In other words, we will take a tour of what the future realm of cryptoderivatives and staking derivatives could look like.

Primary assets vs Staking rewards

Before moving on, one non-trivial distinction to be made is the difference between the primary assets and the staking rewards that are created through “inflation”:

  • Primary assets are the primary, native assets that capitalize, incentivize and coordinate PoS networks (XTZ, ATOM)
  • Staking rewards instead, simplistically called “yields”, can be thought of as actual shares of the rewards doled out by the network to its validators

The whole primary assets and staking rewards dichotomy is additionally nuanced by the fact that often staking rewards are distributed and denominated in primary assets. However, this is not necessarily the case. In Cosmos Hub for example, staking rewards from inflation are in ATOMs but rewards from transaction fees on Cosmos will likely be in the asset being transacted.

In this post I will divide the two, considering staking rewards as a new, de-facto asset class.

Staking as an asset class

Having that distinction in mind, it is now easier to proceed with the following separation:

  • Cryptoderivatives: products linked directly to primary assets i.e. call option on ATOM price
  • Staking derivatives: products linked to the amount of staking rewards distributed by the protocol to network validators or participants

An introduction to derivatives

Now, let’s step back for a moment from PoS and cryptonetworks to take a quick overview of derivatives in traditional finance.

So, what are those derivatives and why were they introduced to the world in the first place?

Borrowing the definition from Investopedia for simplicity, a derivative is a financial security with a value that is reliant upon, or derived from, an underlying asset or group of assets. The derivative itself is a contract between two or more parties, and its price is determined by fluctuations in the underlying asset. There are derivatives on almost anything tradable that you can think of. From derivatives on stocks to interest rates, moving to pork belly, freight and movies (the last one being banned by the Dodd-Frank Bill).

At the very beginning, derivatives were primarily devised to protect (hedge) one specific position over an underlying asset.
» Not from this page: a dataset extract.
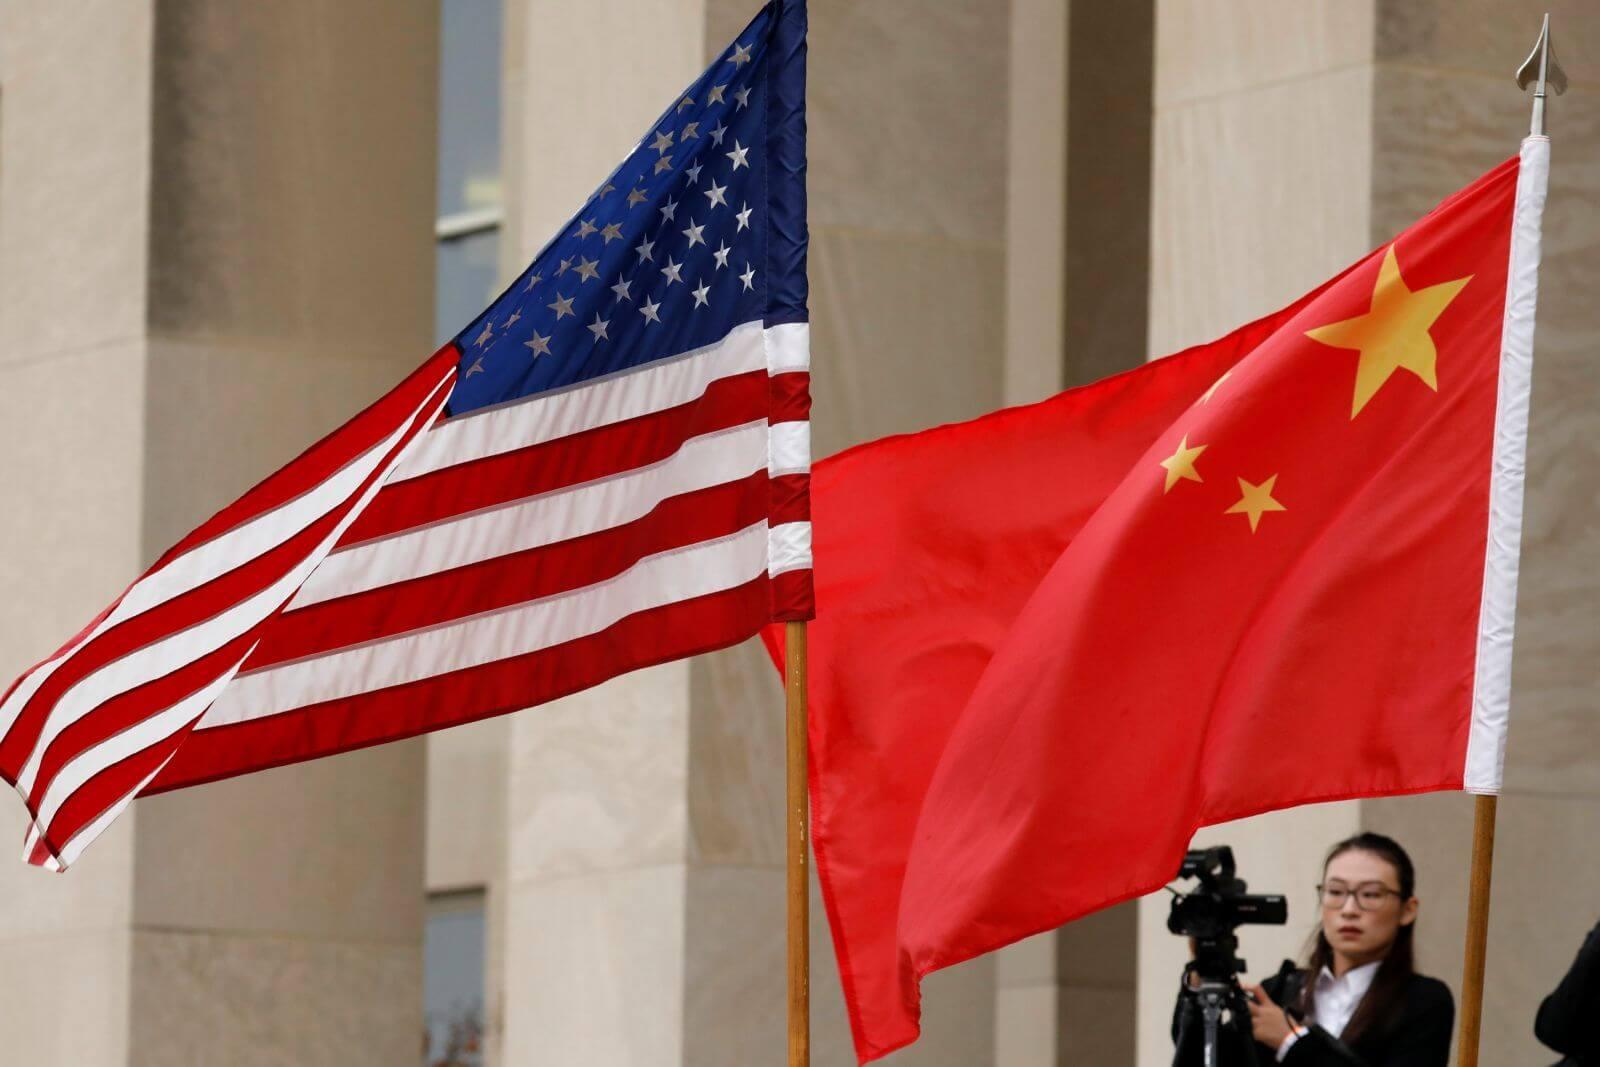 Bandeiras dos EUA e China - Foto de Yuri Gripas

We can also think of them as a form of insurance (we will come back to that later on).

Since their inception, more and more players have joined the derivatives party from multiple angles satisfying many, often nascent, different needs resulting in a total global value worth in the hundreds of trillions.

The economics behind staking

First of all let’s quickly discuss consensus mechanisms in relation to PoS networks.

Reaching consensus across a distributed network of nodes is possibly one of the most researched, debated and fascinating aspect across the whole industry. However, for this post I will just scratch the surface of the topic when discussing staking derivatives with reference to security.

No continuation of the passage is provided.